Everything below from the line with "Padded Service Tote Bag | OLIVE GREEN" through the line with "The Monday line" must be retyped exactly, except the pictures.

● Dataset records:
:::
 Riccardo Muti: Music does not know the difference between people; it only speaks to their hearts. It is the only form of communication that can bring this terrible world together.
:::
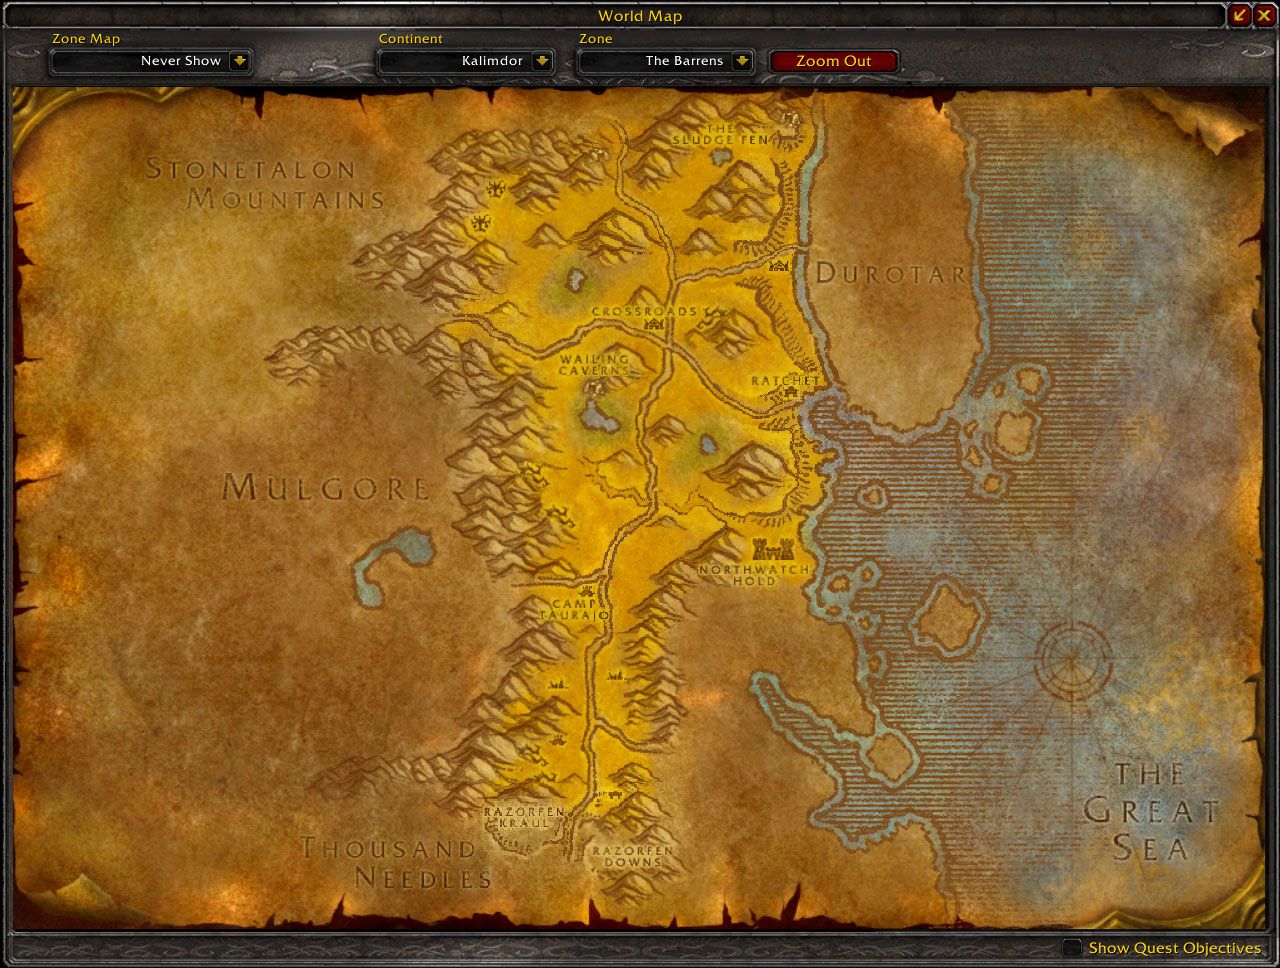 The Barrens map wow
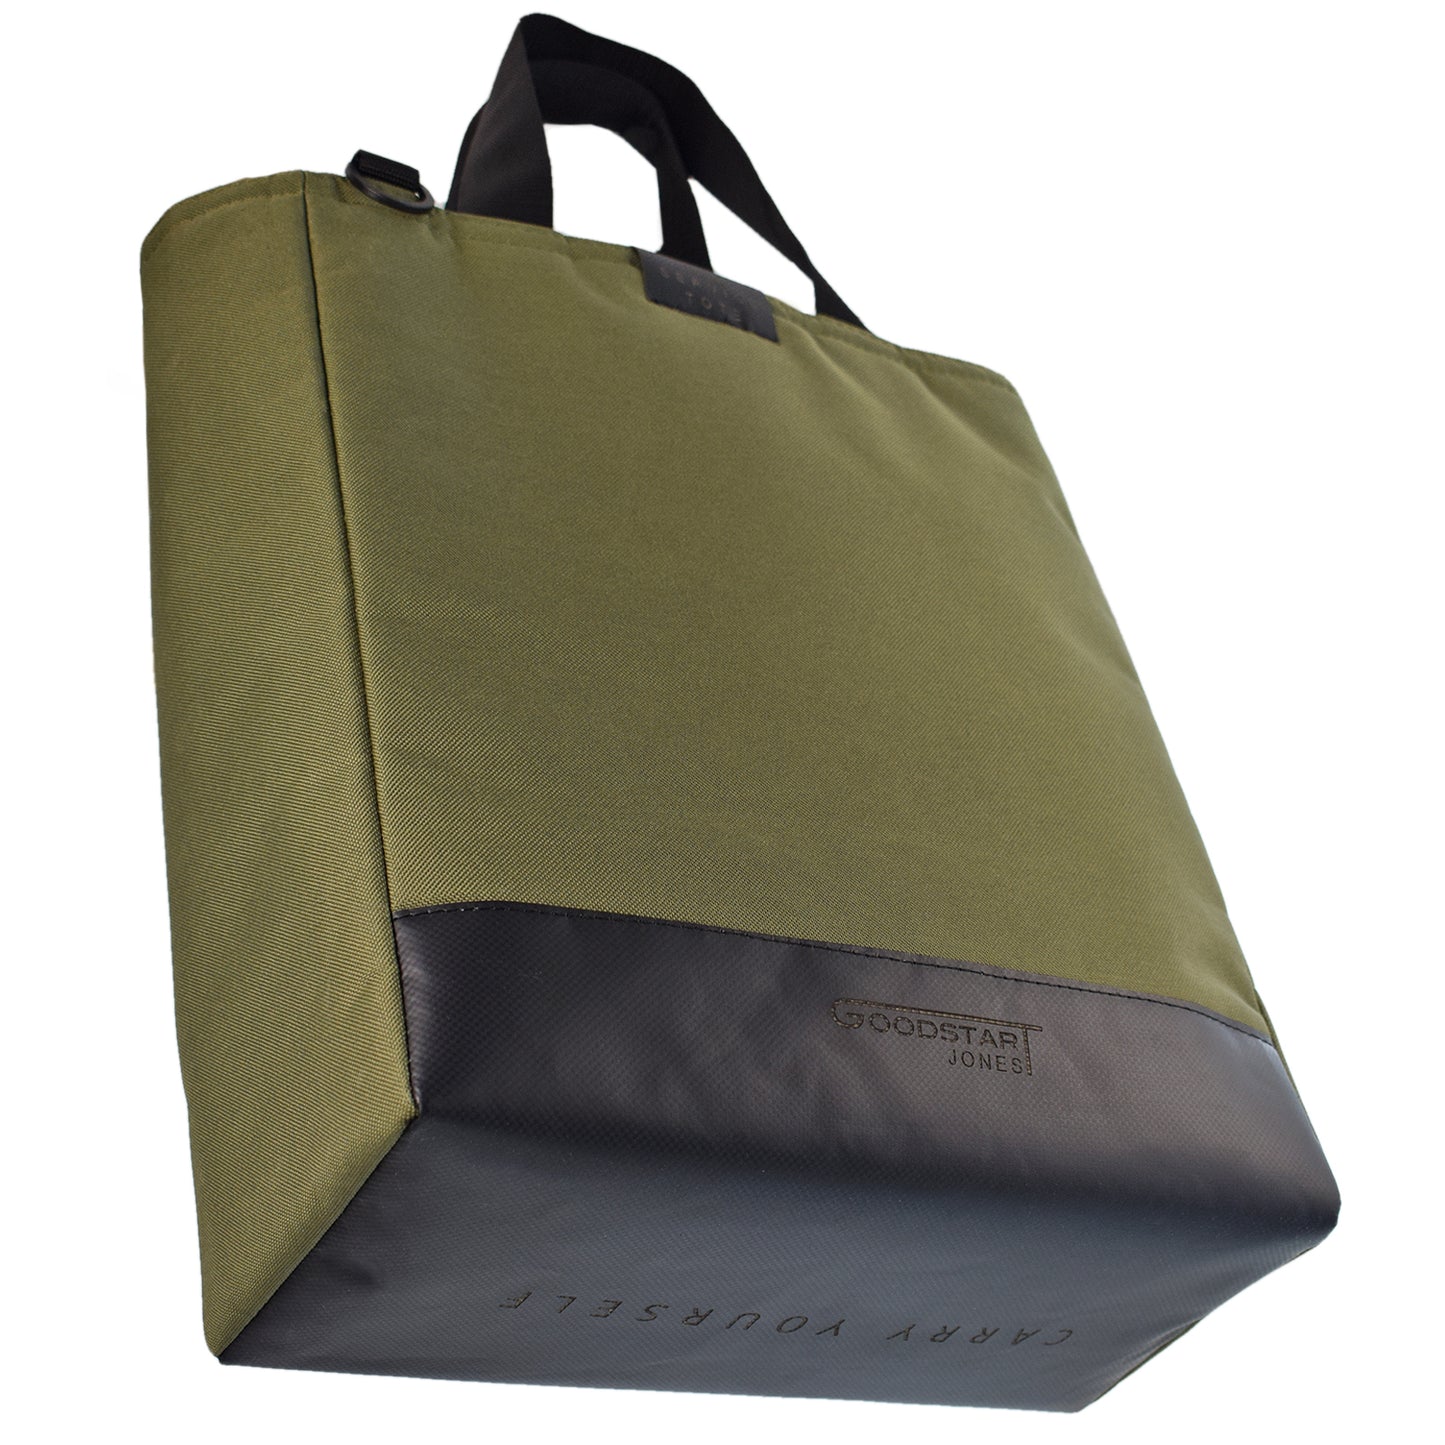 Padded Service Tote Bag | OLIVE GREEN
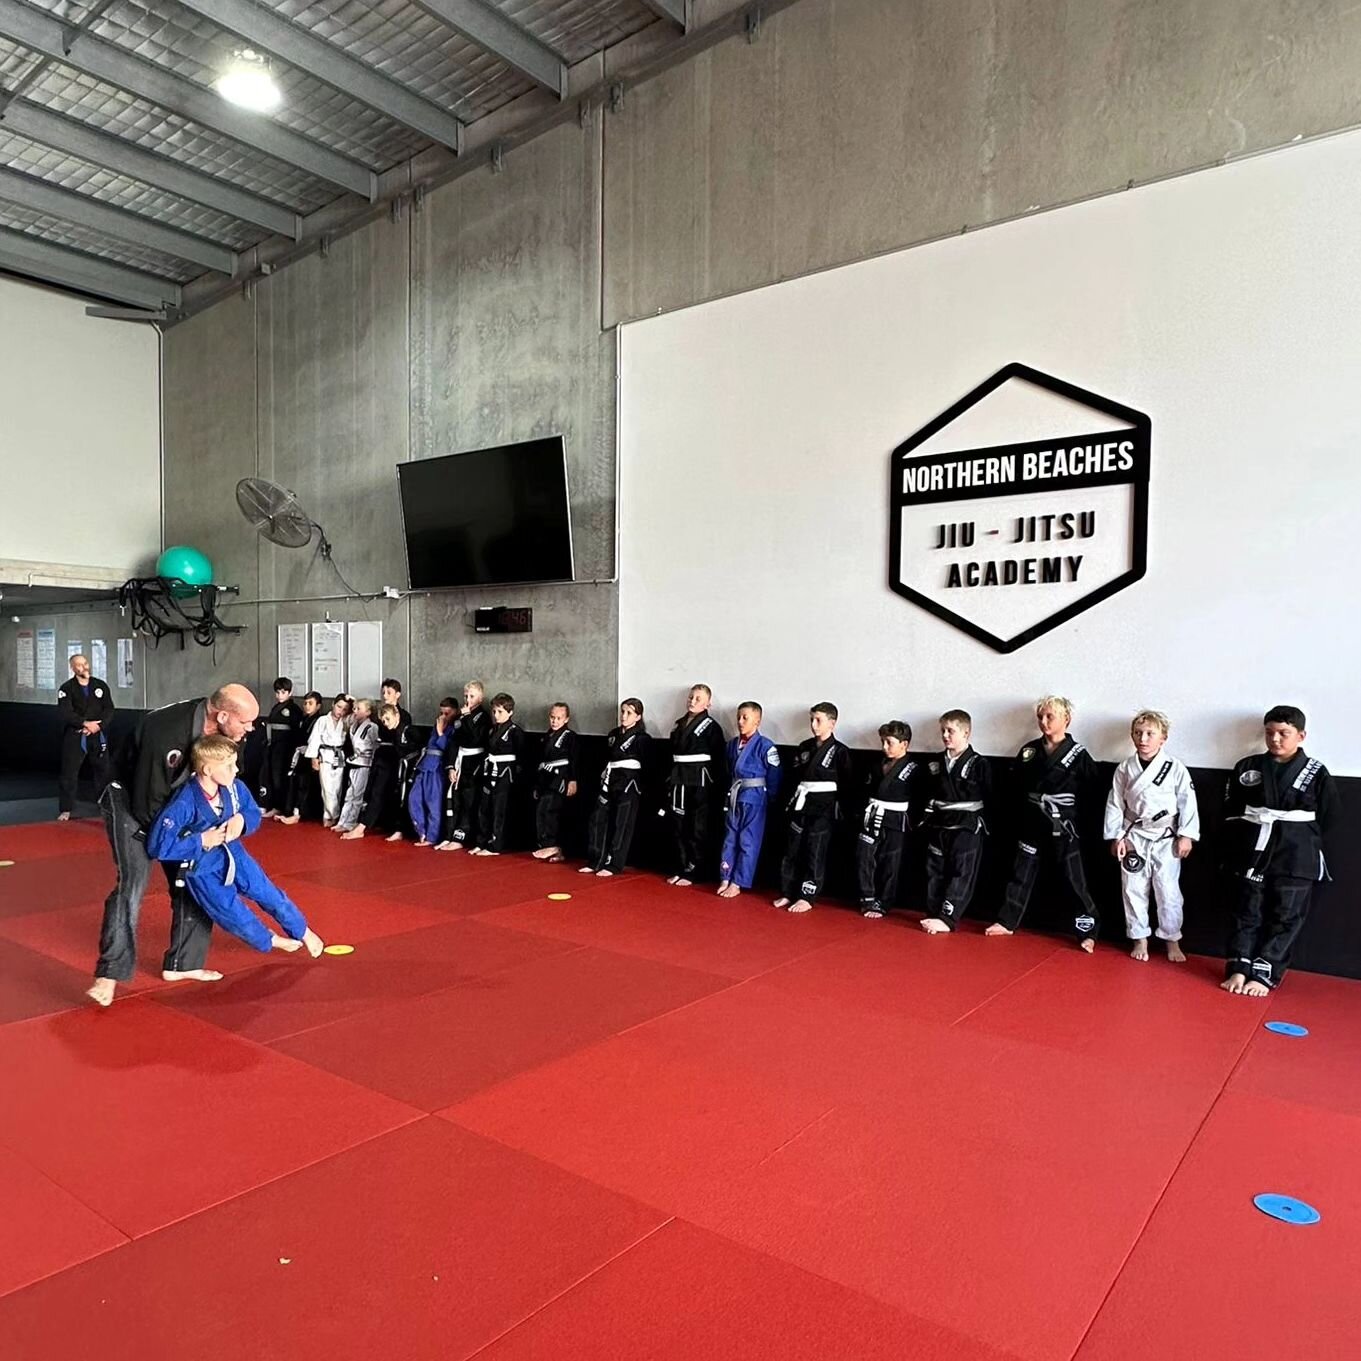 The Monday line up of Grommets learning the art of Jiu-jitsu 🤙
:::
● Reply:
 Padded Service Tote Bag | OLIVE GREEN
 The Monday line up of Grommets learning the art of Jiu-jitsu 🤙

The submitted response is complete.